Advanced Cell Technology, Inc. v. Infigen, Inc.

14 Mass. L. Rptr. 157
CourtMassachusetts Superior Court
DecidedNovember 21, 2001
DocketNo. 010376C
StatusPublished

This text of 14 Mass. L. Rptr. 157 (Advanced Cell Technology, Inc. v. Infigen, Inc.) is published on Counsel Stack Legal Research, covering Massachusetts Superior Court primary law. Counsel Stack provides free access to over 12 million legal documents including statutes, case law, regulations, and constitutions.

Bluebook
Advanced Cell Technology, Inc. v. Infigen, Inc., 14 Mass. L. Rptr. 157 (Mass. Ct. App. 2001).

Opinion

Hillman, J.

INTRODUCTION

The plaintiff, Advanced Cell Technology, Inc. (“Advanced Cell”), seeks injunctive relief and monetary damages against the defendant, Infigen, Inc. (“Infigen”) for its alleged breach of a settlement agreement which the parties entered into in August 1999. The equitable relief that they seek, if granted, would compel Infigen to provide Advanced Cell with complete copies of its patent applications concerning nuclear transfer derived cells.

Infigen has moved to dismiss this action on the grounds that this court lacks personal jurisdiction. It has moved in the alternative that these proceedings be dismissed or stayed on a theory of non conveniens.1 For the reasons set forth below, Infigen, Inc.’s Motion to Dismiss for Lack of Personal Jurisdiction or to Dismiss or Stay Action on Forum non conveniens grounds is DENIED. Additionally, Advanced Cell’s Motion For Preliminary Injunction is DENIED. However, Advanced Cell’s application for an expedited trial contained within the Motion for Preliminary Injunction is ALLOWED.

FACTS

Advanced Cell is a Delaware corporation with usual place of business in Worcester, Massachusetts. Infigen is a Delaware Corporation with a usual place of business in Deforest, Wisconsin. In the summer of 1999, two separate lawsuits involving the parties were pending.
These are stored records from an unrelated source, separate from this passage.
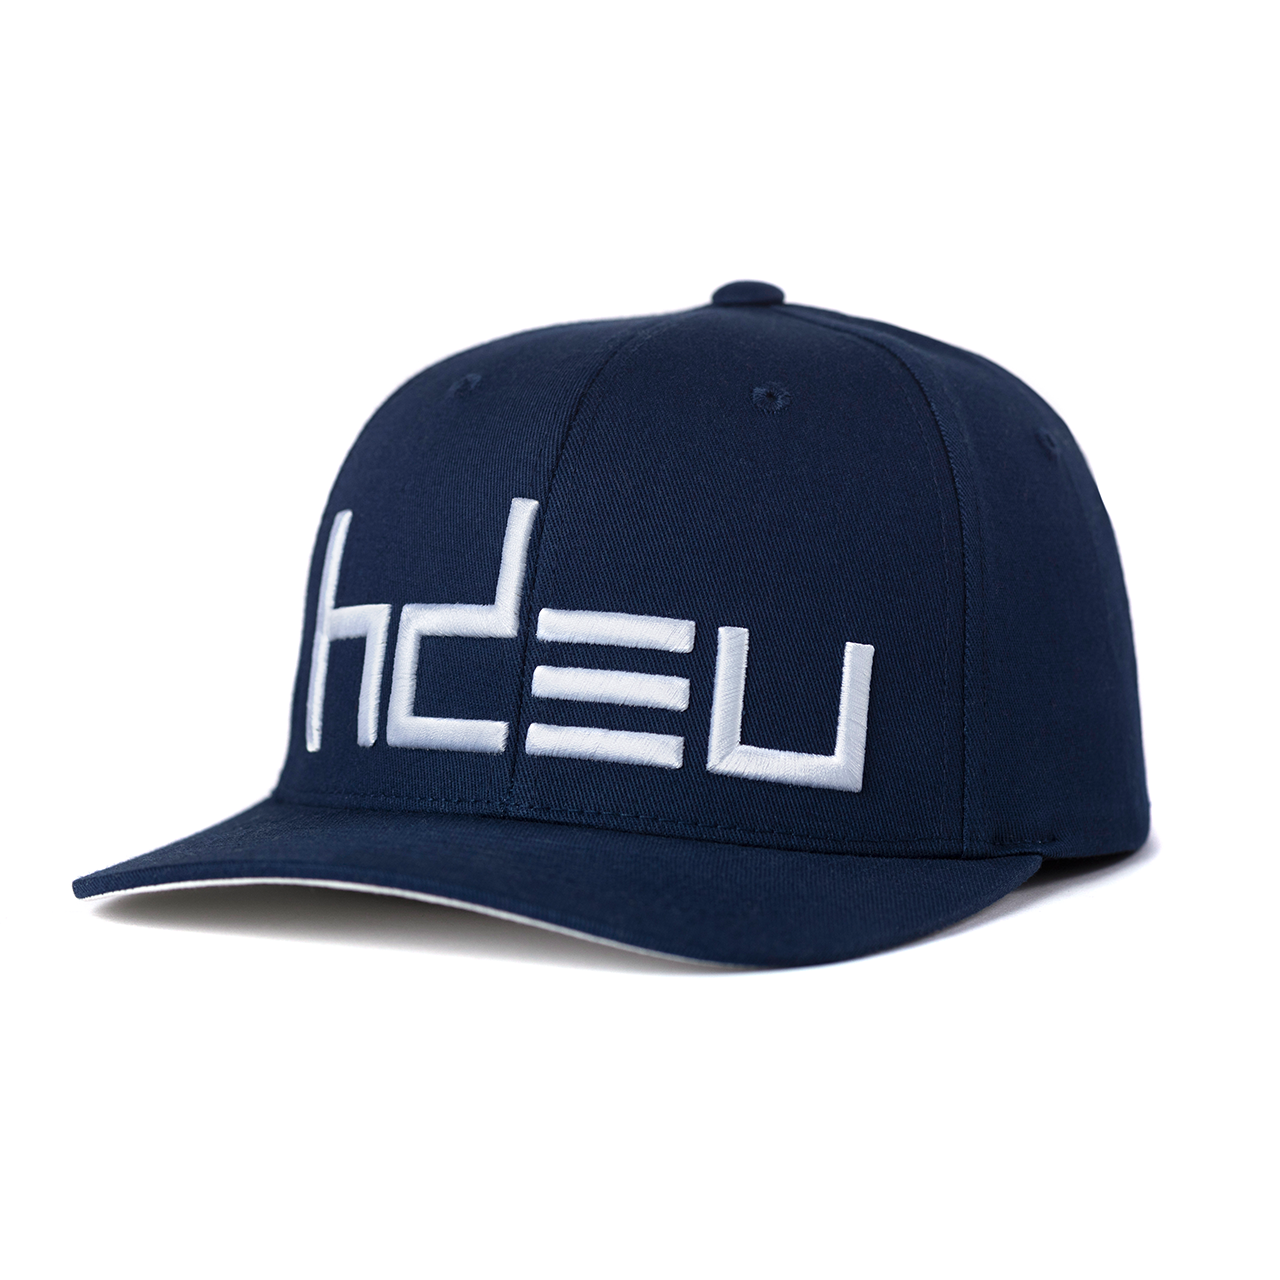 2022 HDEU CLASSIC NAVY FLEXFIT HAT – Head Down Eyes Up Official Merchandise
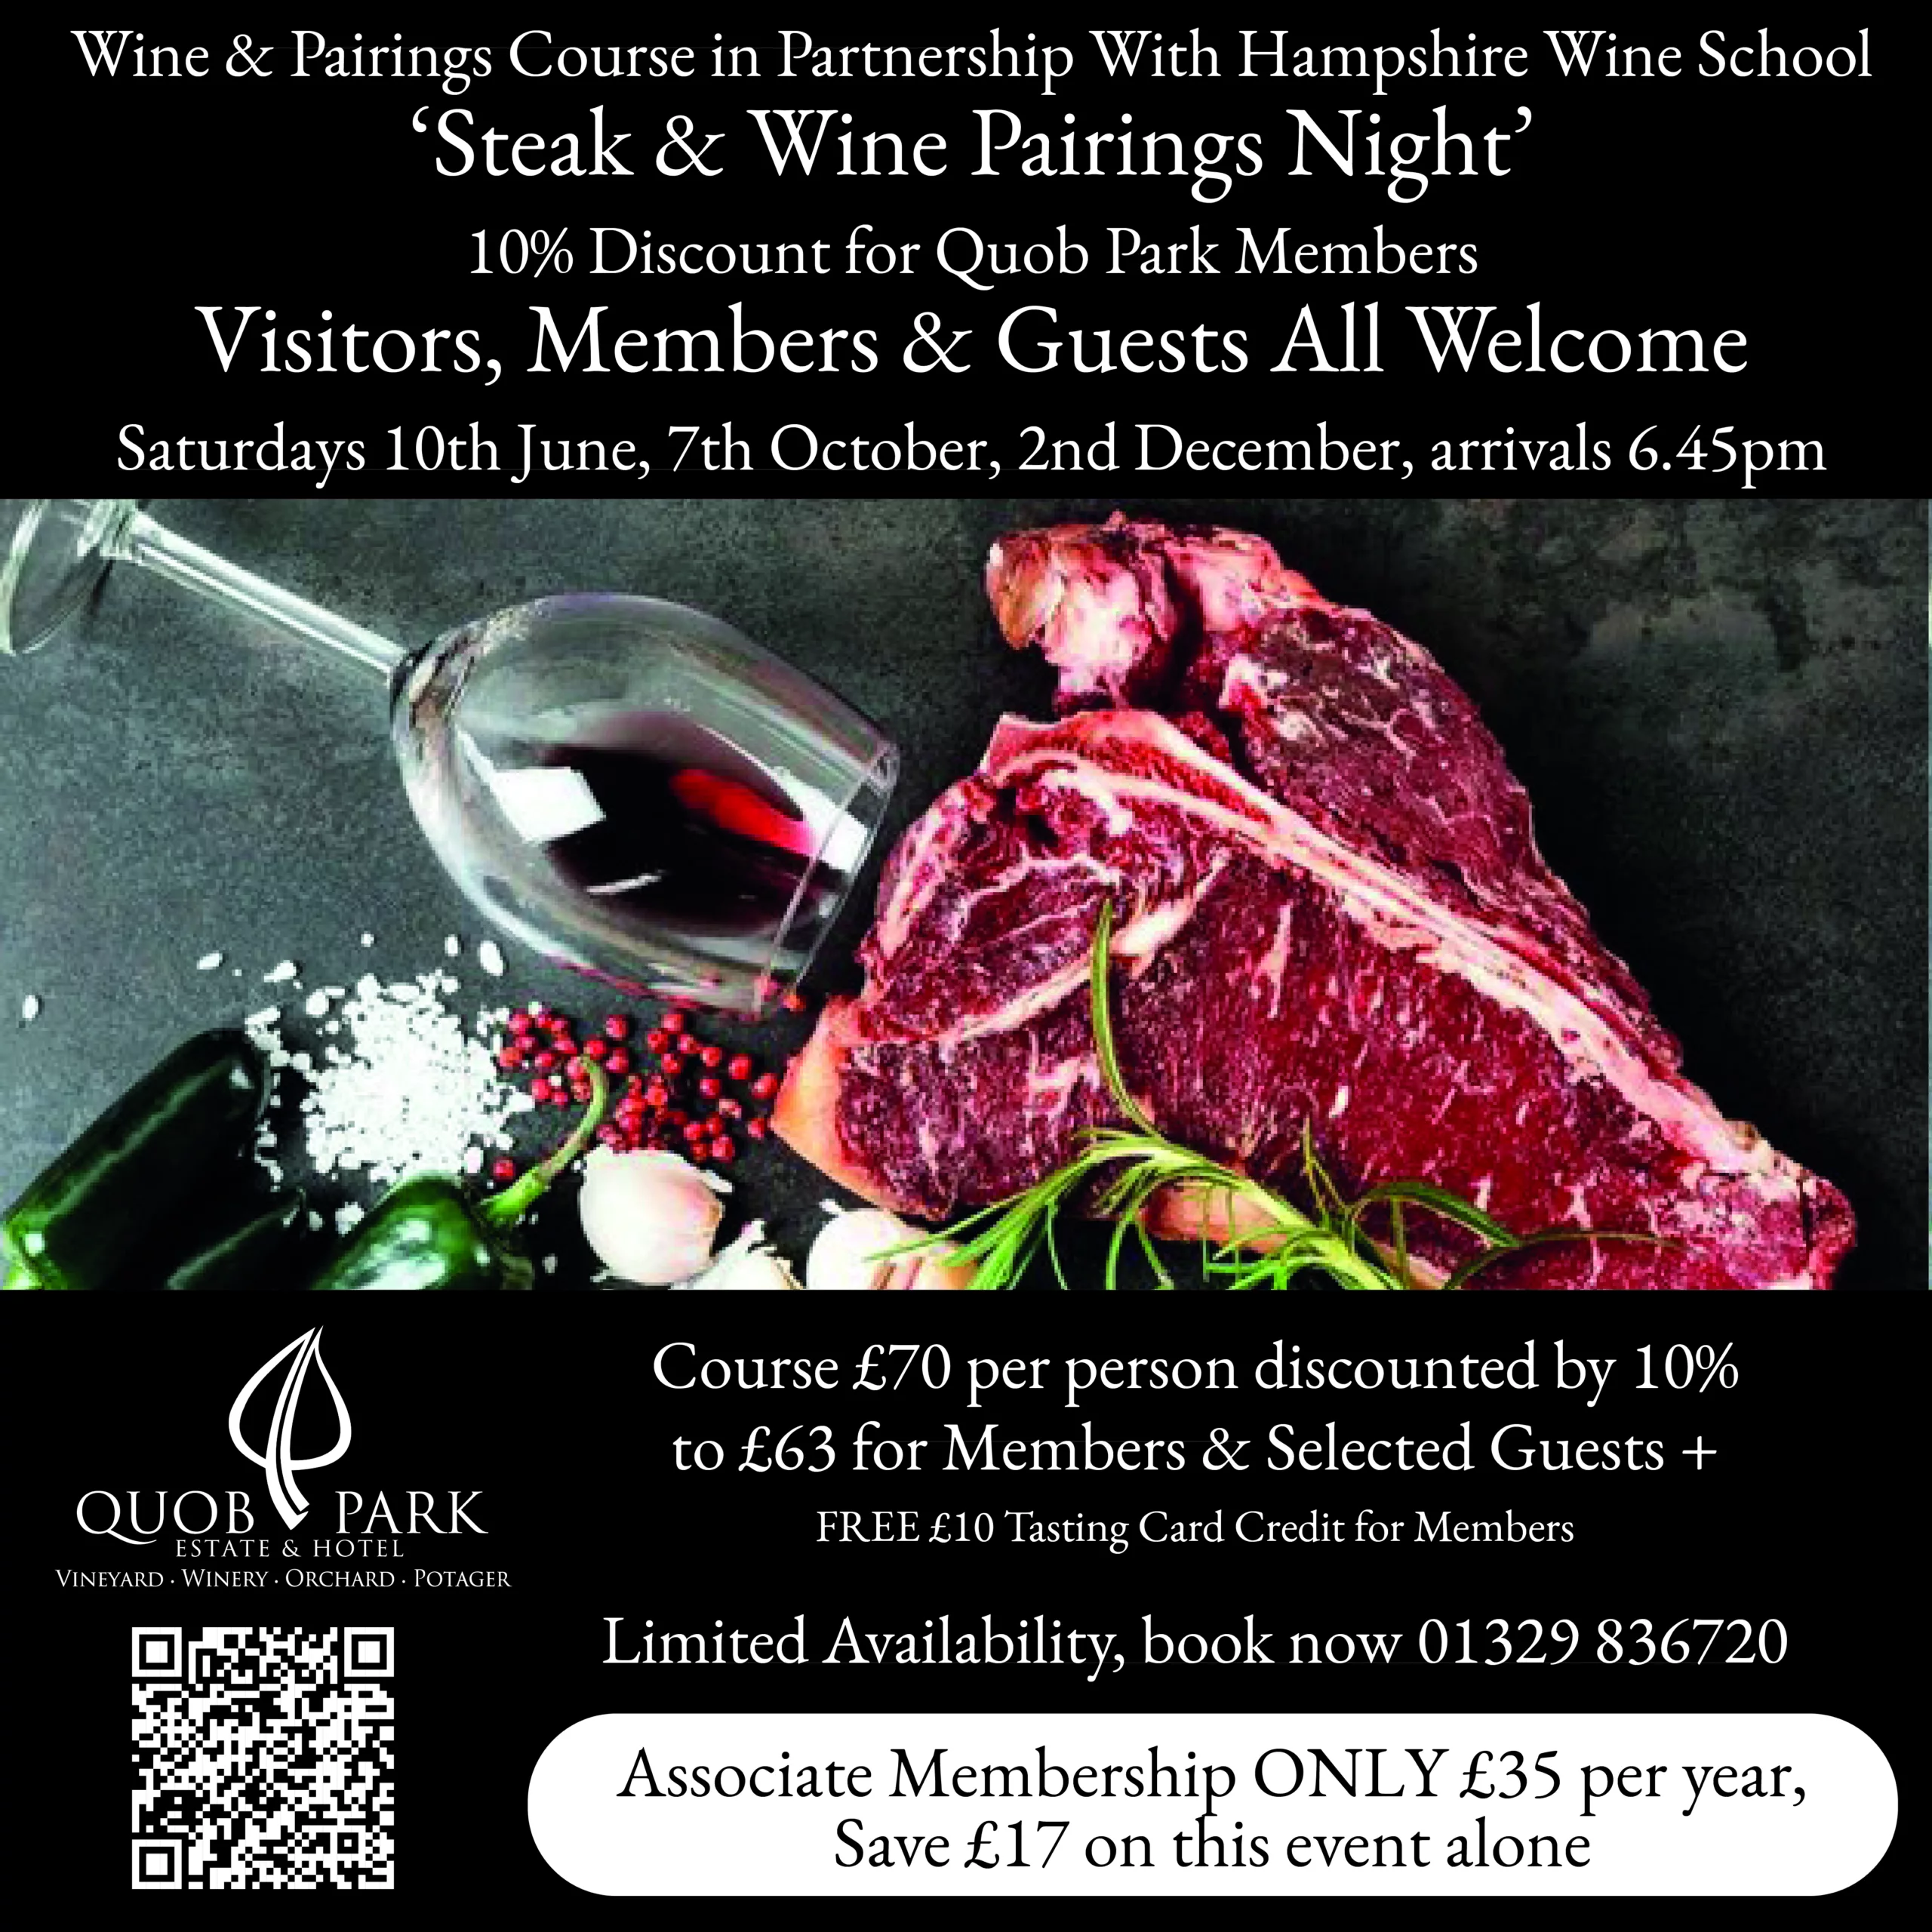 Quob Park Steak & Wine Pairing Night
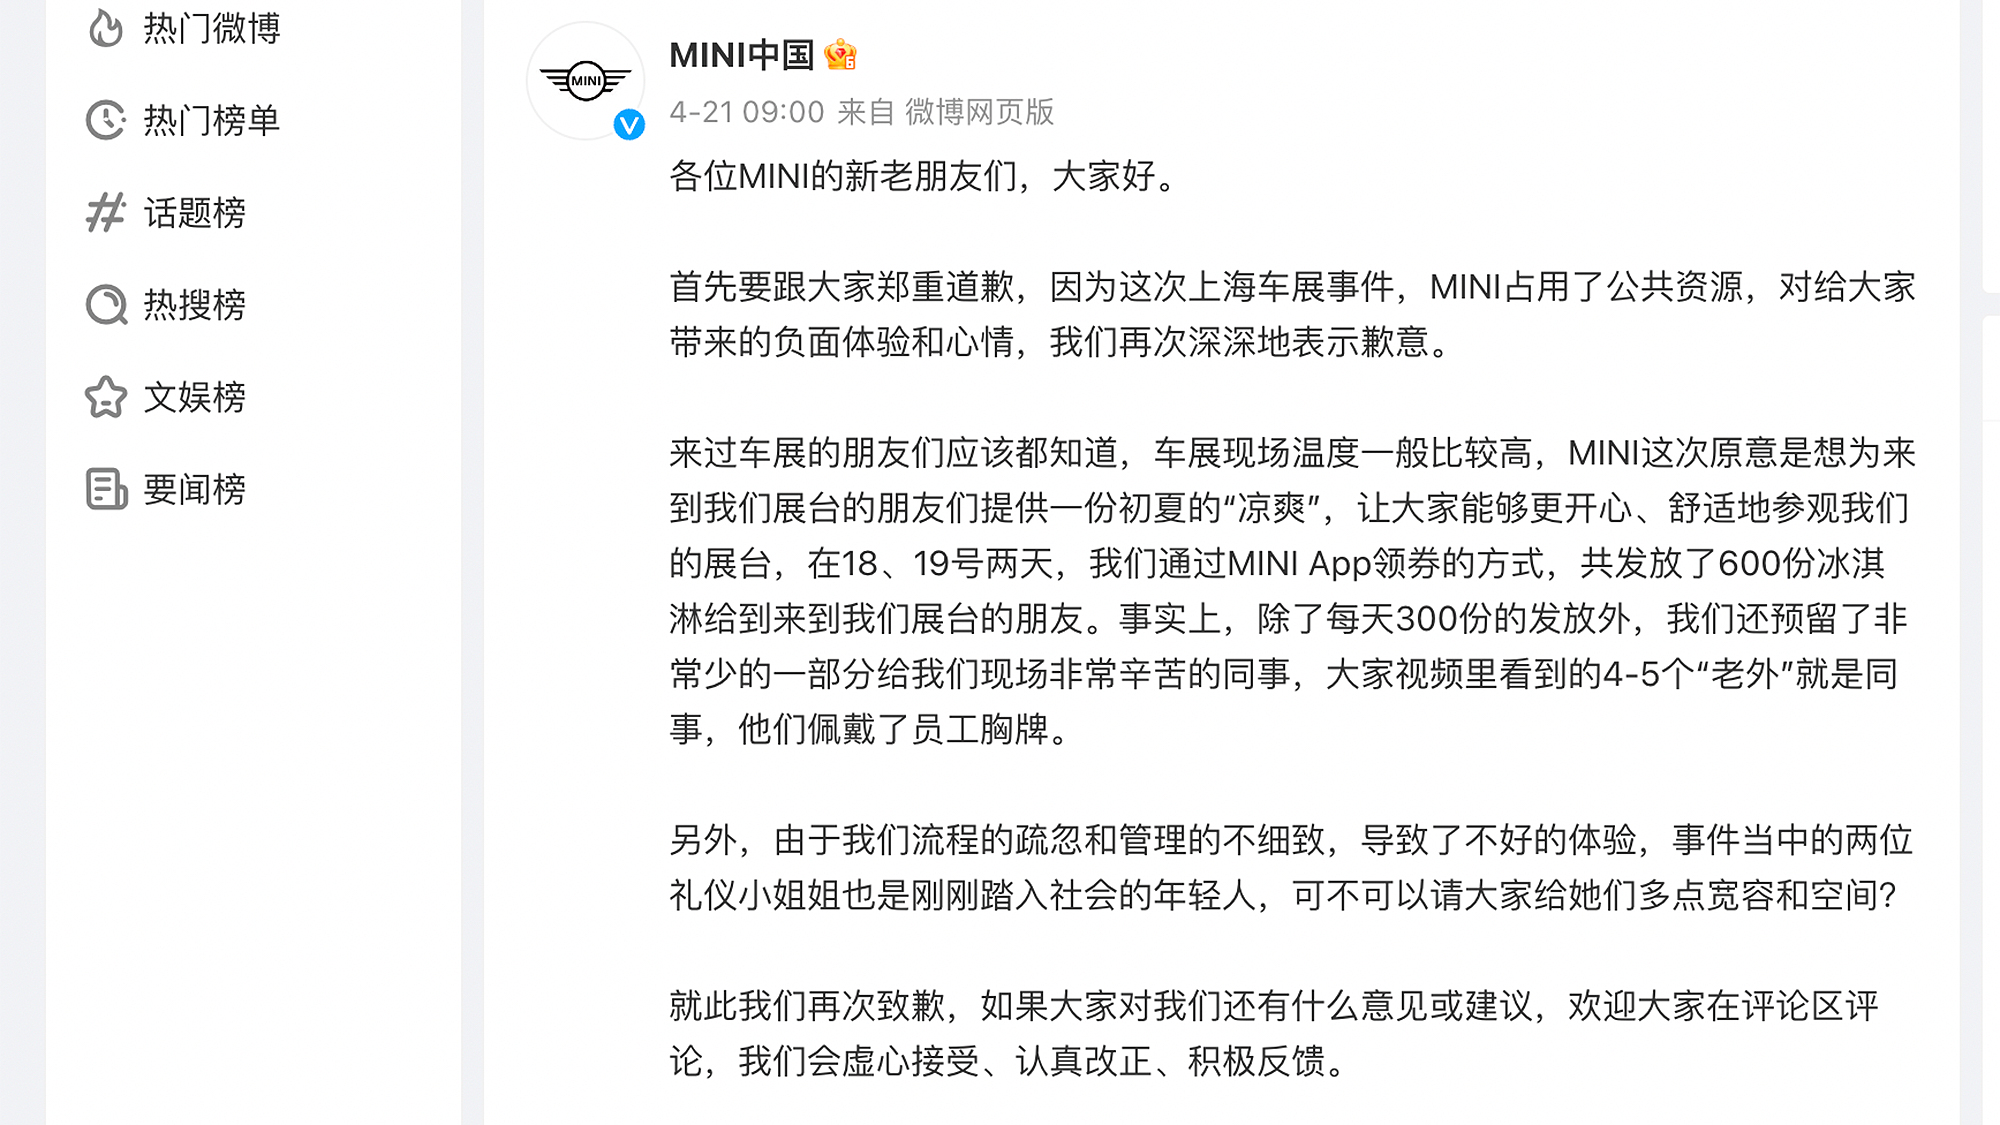 MINI中國很快出面道歉，然而網民們多數並不買單，少數較為理性的聲音也被埋沒在無數留言中。
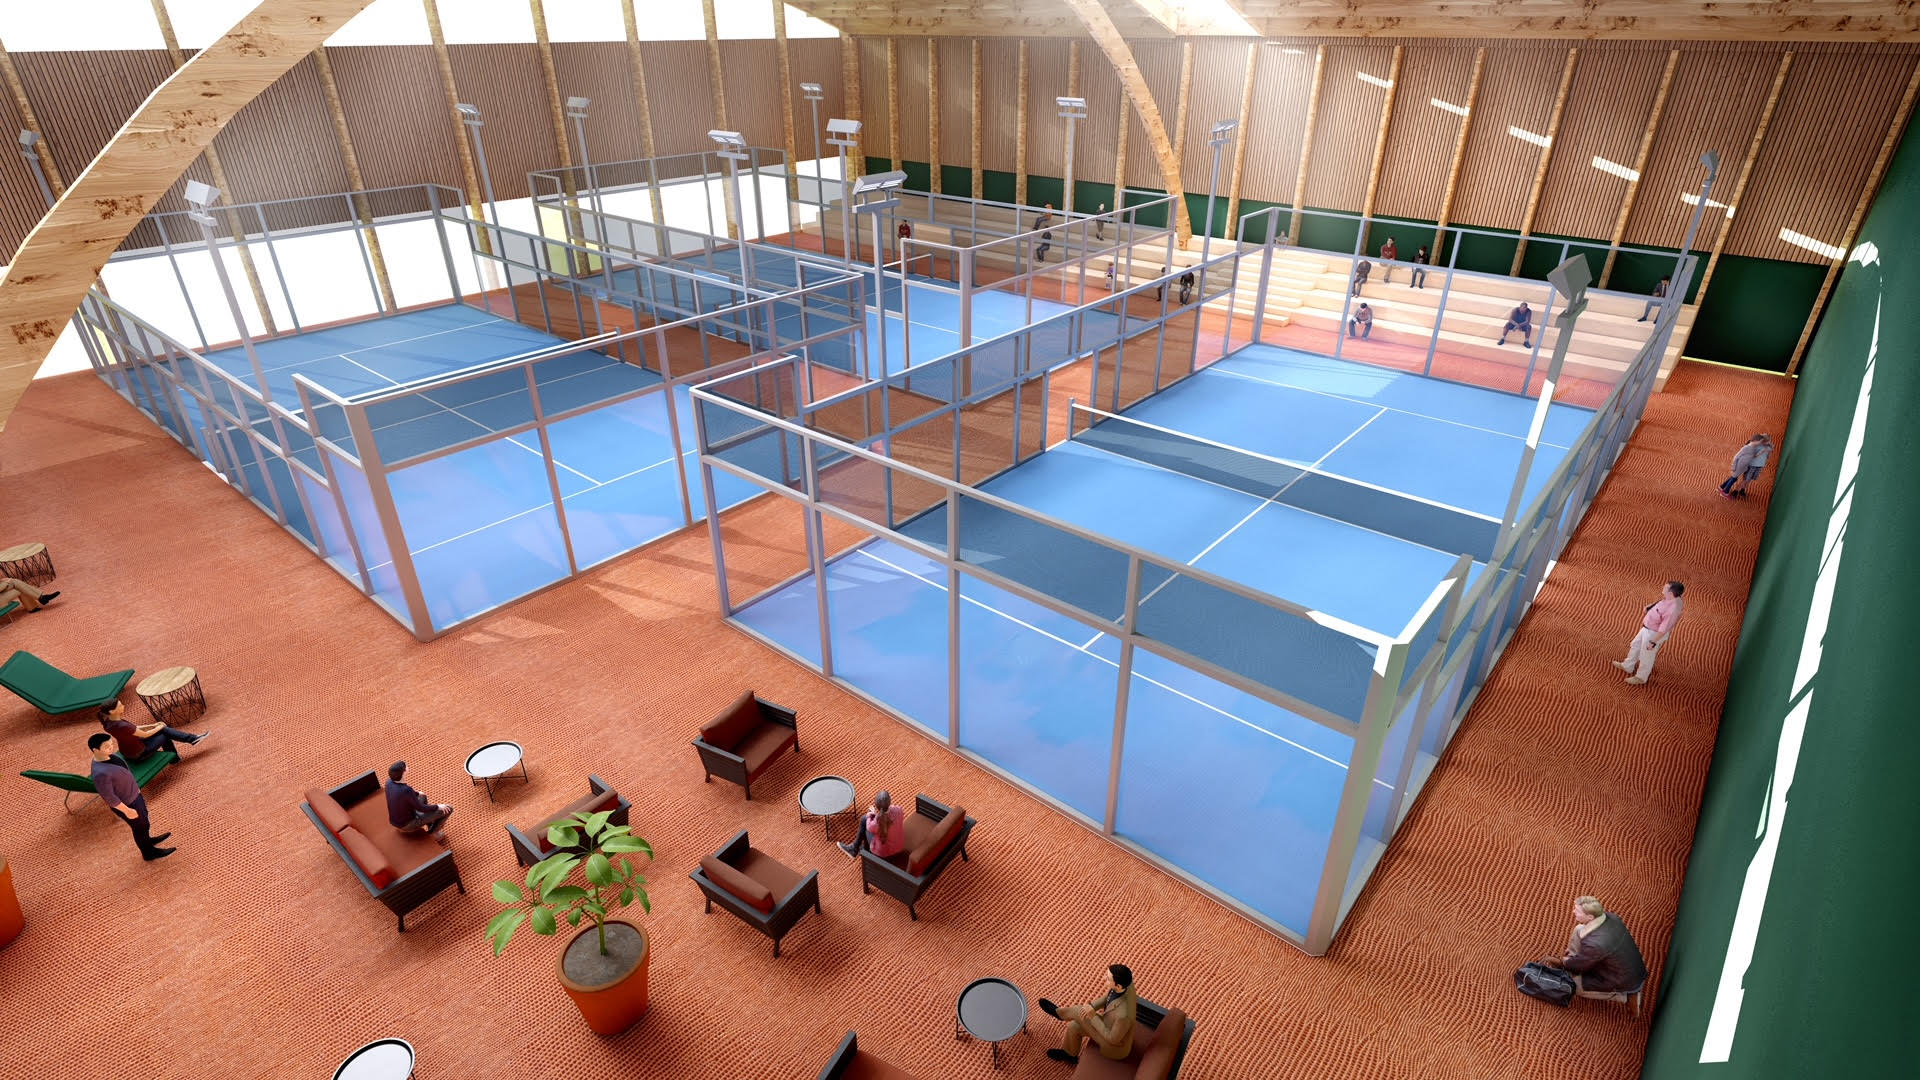 Grenoble Tennis lanserar sitt projekt med 7 banor!

Infigen, in a lawsuit filed in the United States District Court for the Western District of Wisconsin (“the Federal case”), claimed that Advanced Cell had infringed upon two of Infigen’s patents. Infigen, Inc. v. Advanced Cell Technology Inc., et al., 98-C-0431. The second lawsuit, filed by Advanced Cell in the Massachusetts Superior Court (“the Massachusetts case”), alleged that Paul J. Golueke, a former employee of Advanced Cell had misappropriated Advanced Cell’s trade secrets. Advanced Cell Technology, Inc., v. Paul J. Golueke et al., CA. 99-0218C.

In August of 1999, the liability phase of the Federal case was resolved in favor of Advanced Cell after a jury trial. Thereafter, the parties entered into settlement negotiations which culminated in a settlement agreement. The details of that agreement were read into the record of the Federal case, and later reduced to writing and filed in that court as a formal Settlement Agreement. In that agreement, Advanced Cell agreed to pay Infigen for a license to its patents and patent applications involving nuclear transfer derived cells. The Settlement Agreement described the license in the following terms:

III. Non-exclusive License Grant.
1. Infingen will grant to Advanced Cell a non-exlusive, royalty free, fully paid up license in and to Infigen’s now pending and future patent applications for seven-and-a-half years from the Effective Date, and issued patents for use in the field for human cell therapy using nuclear-transfer-derived cells.
2. During the term of the license referred to in paragraph 1 above, Advanced Cell may, at its cost, take over prosecution or maintenance of any licensed patent applications or issued patents that Infigen determines not to further prosecute or maintain.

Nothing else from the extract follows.